Si intensificano le voci che raccontano di un Donald Trump intenzionato a presentare nel giro di poche settimane, pare all’inizio del nuovo anno, una proposta forte per arrivare alla pace tra Israele e Palestina. L’idea è di quelle che ormai sono accolti con risatine di scetticismo o sospiri di noia (tipo: ancora?!?!), perché è lunga la lista dei leader, americani e non solo, che ci hanno provato senza successo.

Il momento, inoltre, non pare propizio. Sul lato palestinese della barricata è in corso il tentativo di mettere d’accordo Fatah e Hamas, ovvero la Cisgiordania e la Striscia di Gaza, fieramente rivali da quando, nel 2007, Fatah perse dopo una vera battaglia il controllo di Gaza a favore di Hamas, che peraltro aveva vinto le elezioni politiche del 2006. Un eventuale accordo tra le due anime palestinesi sarebbe un grosso ostacolo a una pacificazione con Israele, che considera Hamas un movimento terroristico ed è in questo spalleggiato dagli Usa. Sul lato israeliano, prosegue la politica di allargamento degli insediamenti in terra palestinese, e lo stesso premier Benjamin Netanyahu ha promesso di costruire migliaia di nuove abitazioni in Cisgiordania, per incrementare la popolazione israeliana degli insediamenti che già conta oltre 700 mila persone, ovvero quasi il 10 per cento della popolazione dell’intero Israele. Detto questo, quando mai il momento è stato buono, negli ultimi vent’anni, per un accordo tra palestinesi e israeliani?

C’è una contingenza internazionale che potrebbe favorire Trump. Ed è quella che emerge dalle parole di Yaacov Nagel, fino alla primavera scorsa consigliere per la sicurezza nazionale del premier Netanyahu. Nagel ha parlato dell’Arabia Saudita e del desiderio della nuova dirigenza saudita, con in testa il principe ereditario Mohammed bin Salman, di arrivare al più presto a un’intesa diplomatica con Israele per disinnescare quella che sia i sauditi sia gli israeliani considerano la minaccia più seria, ovvero l’Iran e l’estensione della sua influenza politica e militare in Iraq, Siria e Israele. Un’alleanza alla luce del sole, vista tra l’altro come una benedizione dagli Usa, darebbe a entrambi i Paesi una leva assai forte per contrastare le ambizioni (secondo loro) egemoniche e le intenzioni (secondo loro) aggressive del Paese degli ayatollah.

Per raggiungere lo scopo, però, l’Arabia Saudita deve prima risolvere un problema: i palestinesi.

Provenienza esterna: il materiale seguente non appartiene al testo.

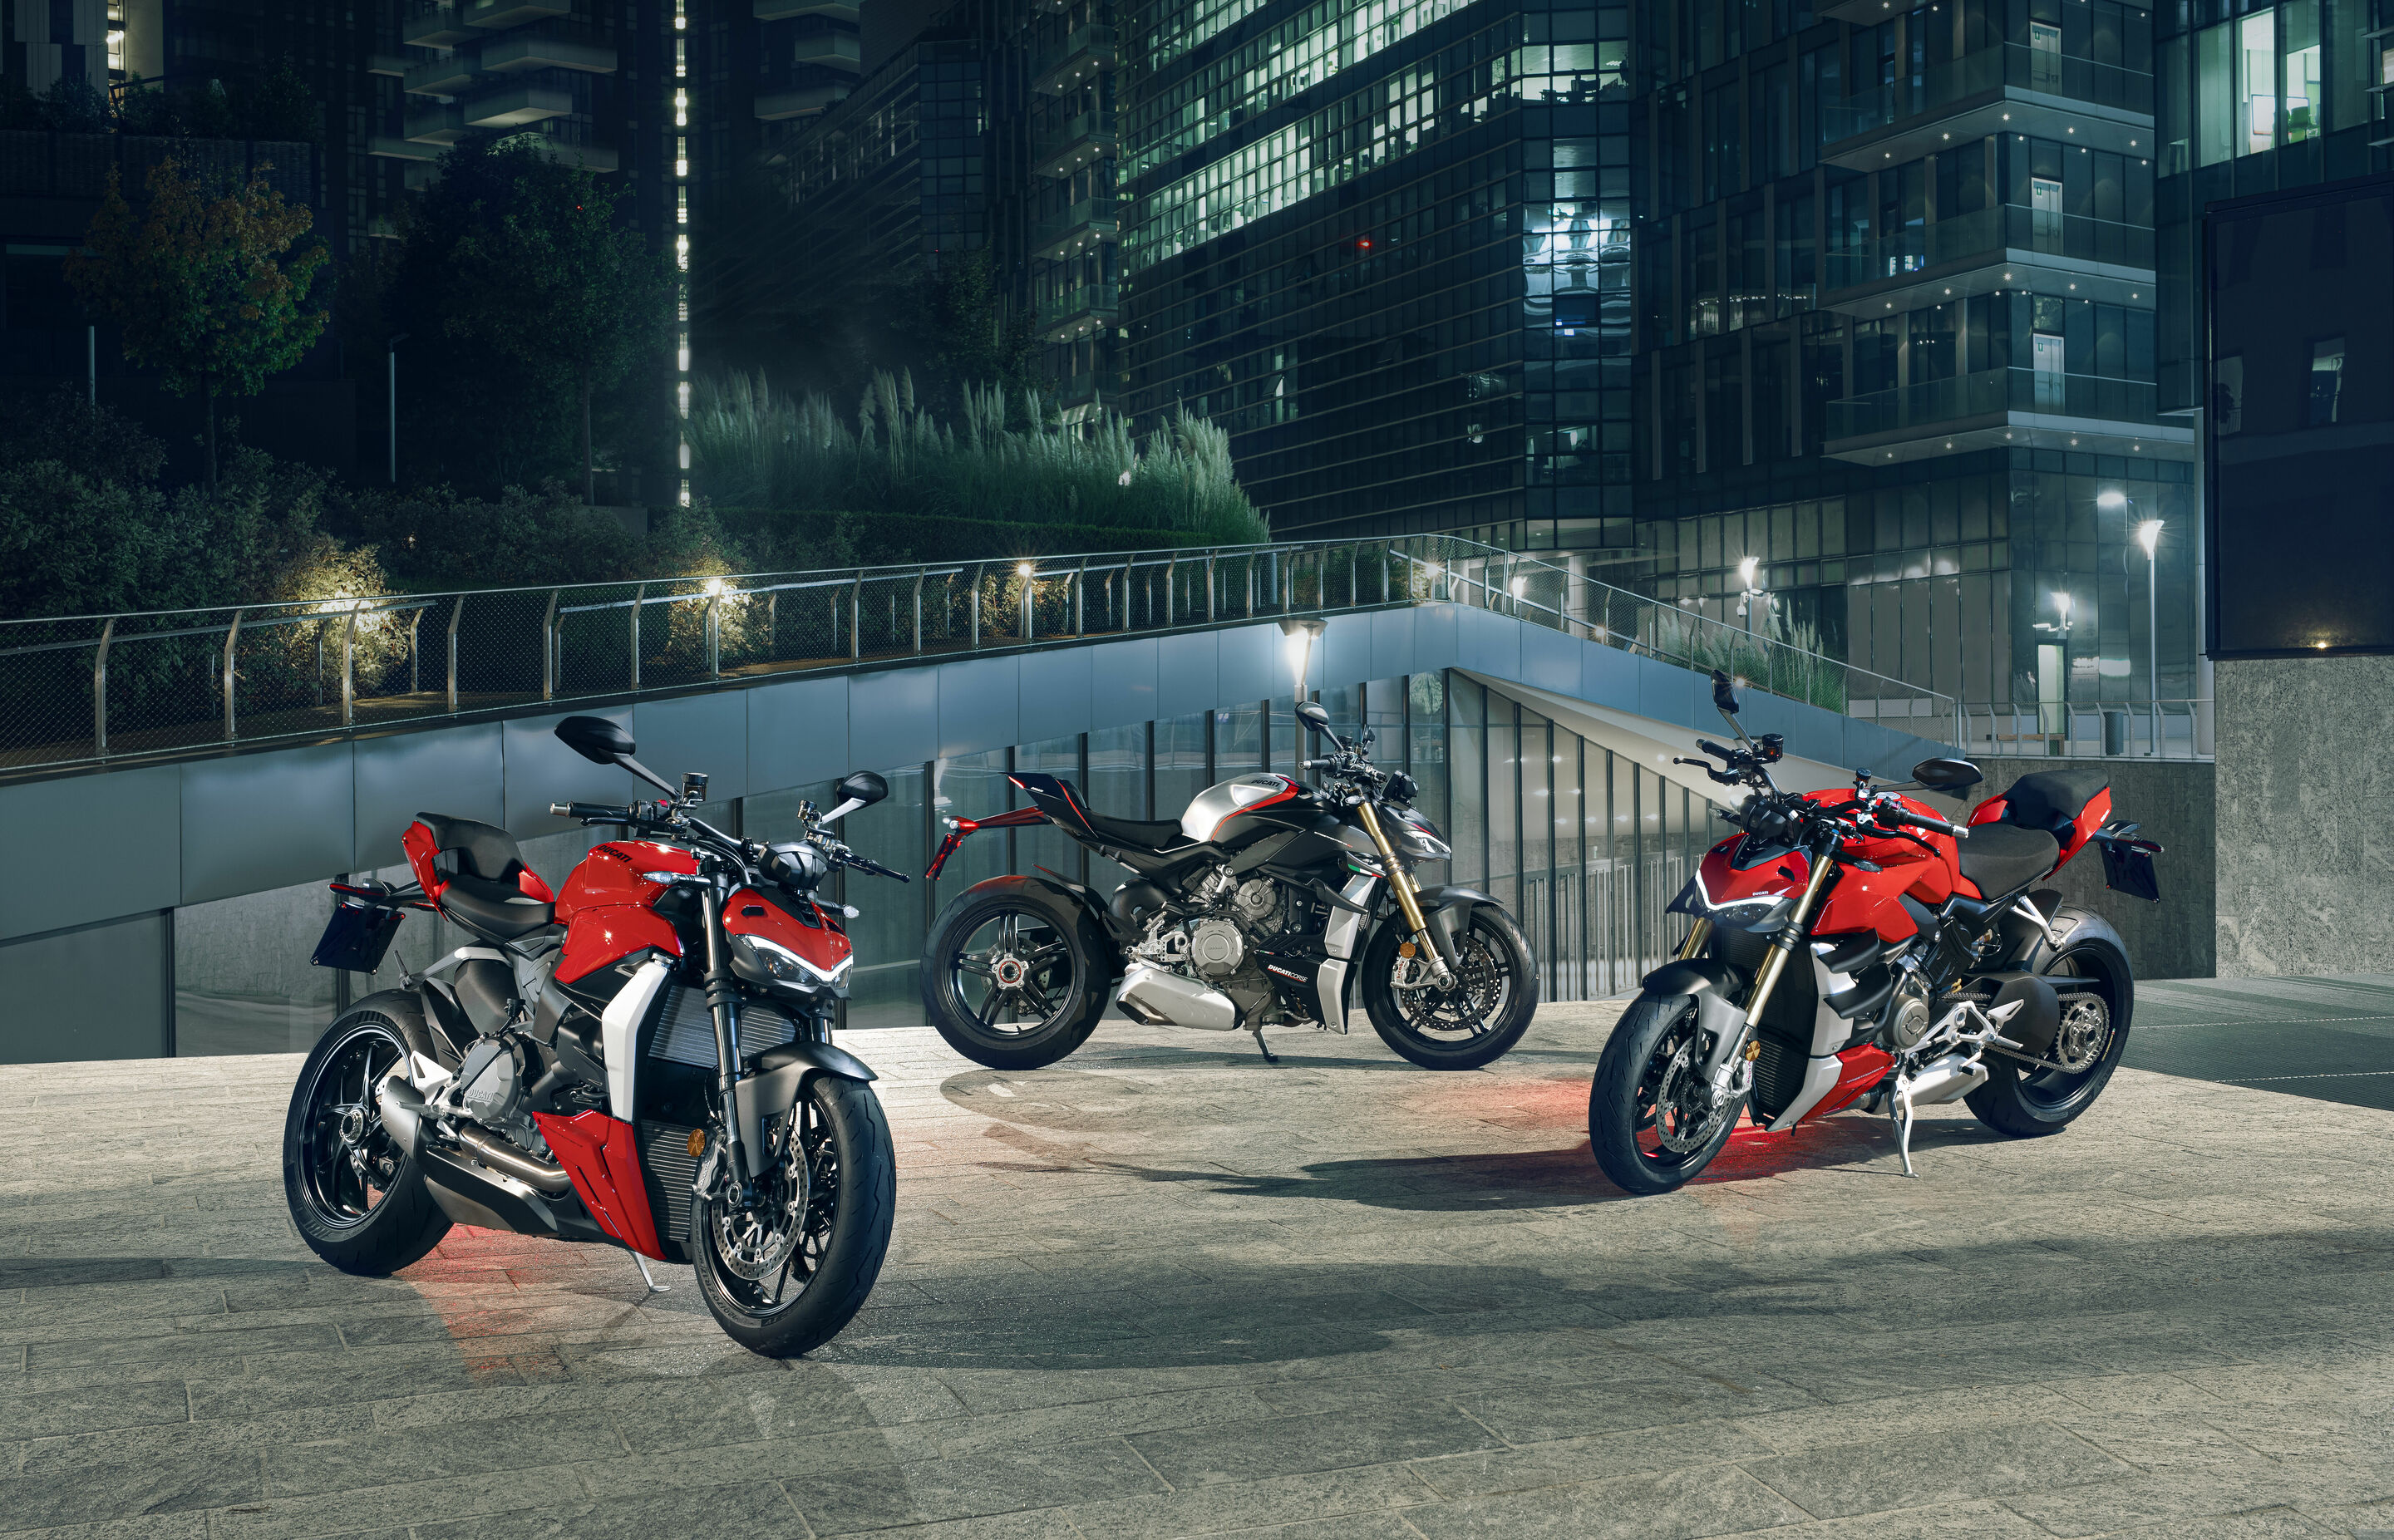 The passion for Ducati has never been greater. With 59,447 motorcycles sold worldwide, 2021 was the best year ever

Il Paese che li ha a lungo finanziati e protetti può abbandonarli così, passando anzi al “nemico”, senza temere ripercussioni nel mondo arabo? Certo che no. Però, se nel frattempo Israele e Palestina arrivassero a un qualche accordo di pace…

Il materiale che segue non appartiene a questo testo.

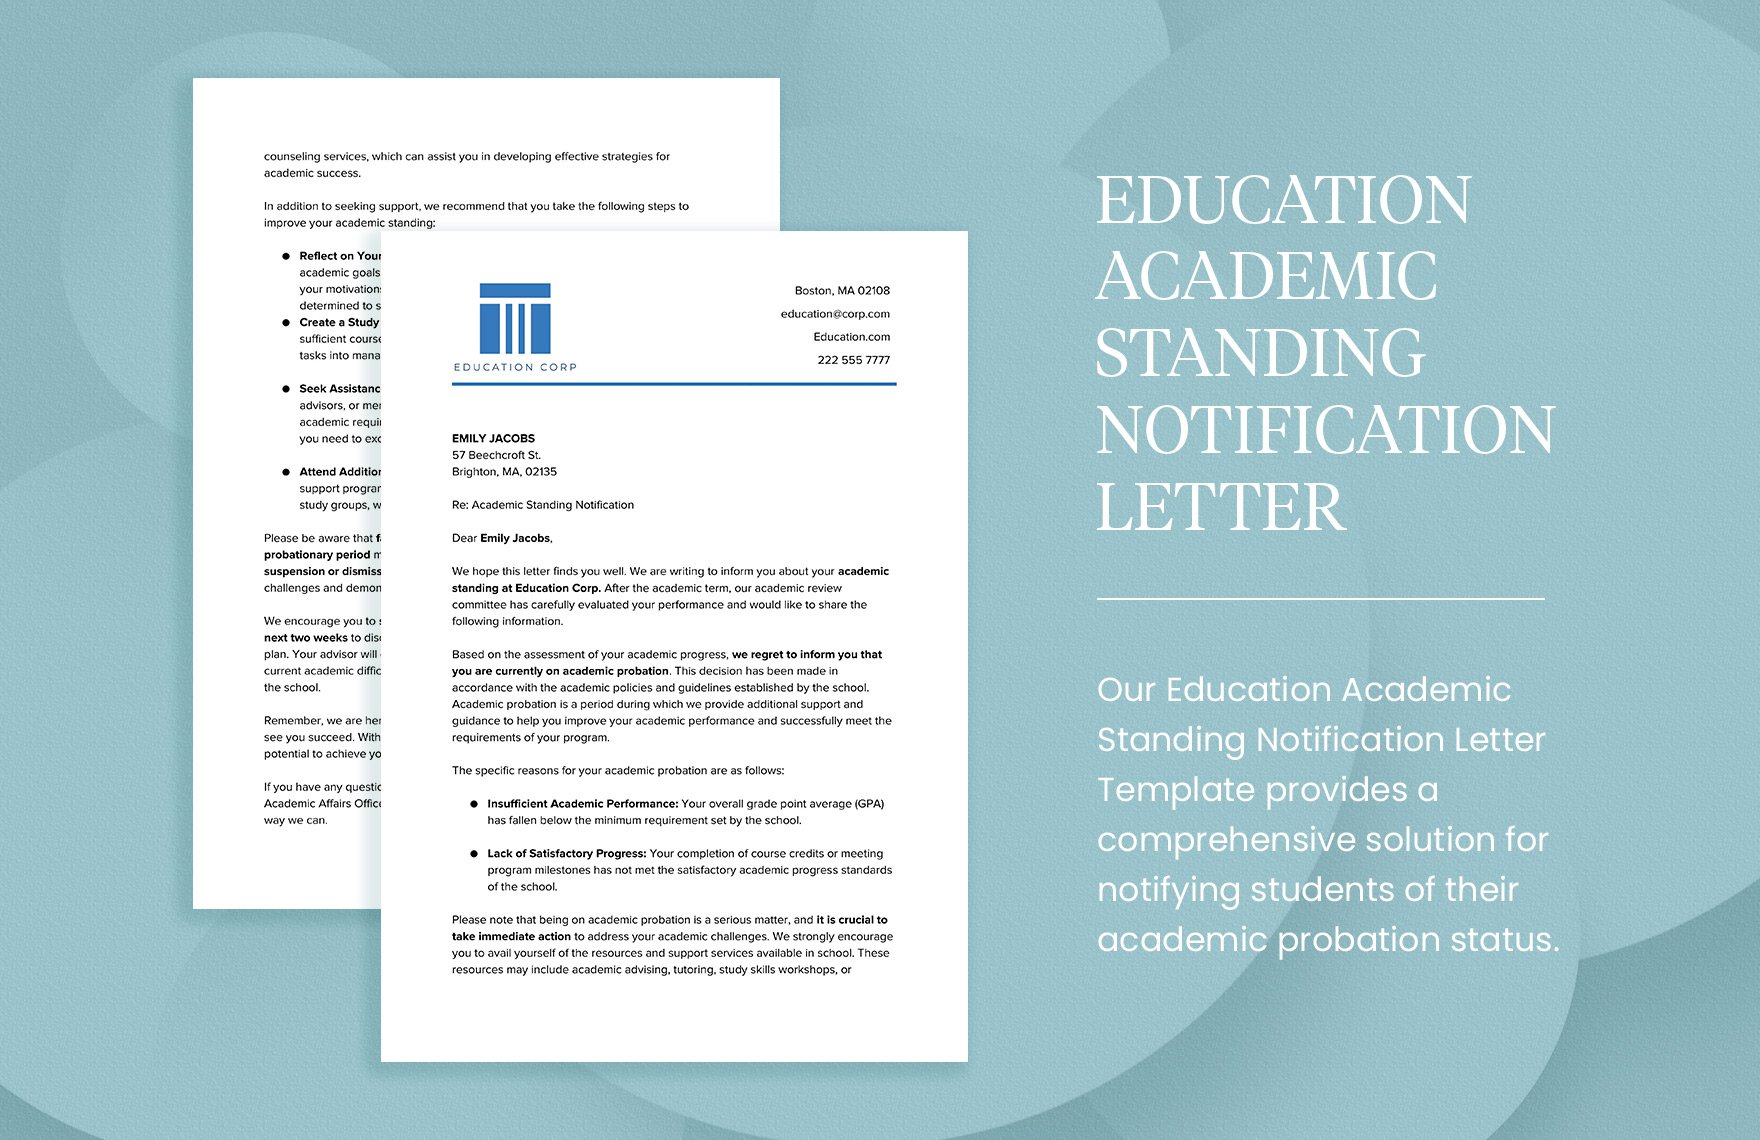 Education Academic Standing Notification Letter

Secondo Nagel, l’ex consigliere di Netanyahu, ai sauditi «non importa nulla di ciò che potrebbe esserci nell’accordo», basta che ci sia un accordo. Ovvero: ai sauditi dei palestinesi non importa un fico, ma non posso fare la figura di quelli che li mollano, dei traditori della causa. Osservata da questo punto di vista, ecco quindi che la situazione si ribalta. Un accordo tra Israele e Palestina potrebbe convenire a Netanyahu e ai sauditi perché spianerebbe la strada alla loro alleanza, a Hamas e Fatah perché permetterebbe la riunificazione tra palestinesi, ai vari notabili locali come Abu Mazen perché salverebbe le loro poltrone.

Certo, come spiega Nagel, l’accordo sarebbe molto al ribasso. Israele sta vincendo, si allarga di giorno in giorno, perché dovrebbe fare marcia indietro? E l’accoppiata Fatah-Hamas non ha la forza per ribaltare la situazione, né con le armi né con la politica. Per questo le autorità saudite hanno già iniziato una serie di colloqui con i leader palestinesi, probabilmente offrendo loro un aumento dei finanziamenti (l’Arabia Saudita è già il primo donatore) in cambio di un sì al’eventuale proposta di Trump. Il che, alla fin fine, si scaricherebbe come sempre sulle spalle dei palestinesi qualunque. Ma di loro, alla fin fine, a chi importa?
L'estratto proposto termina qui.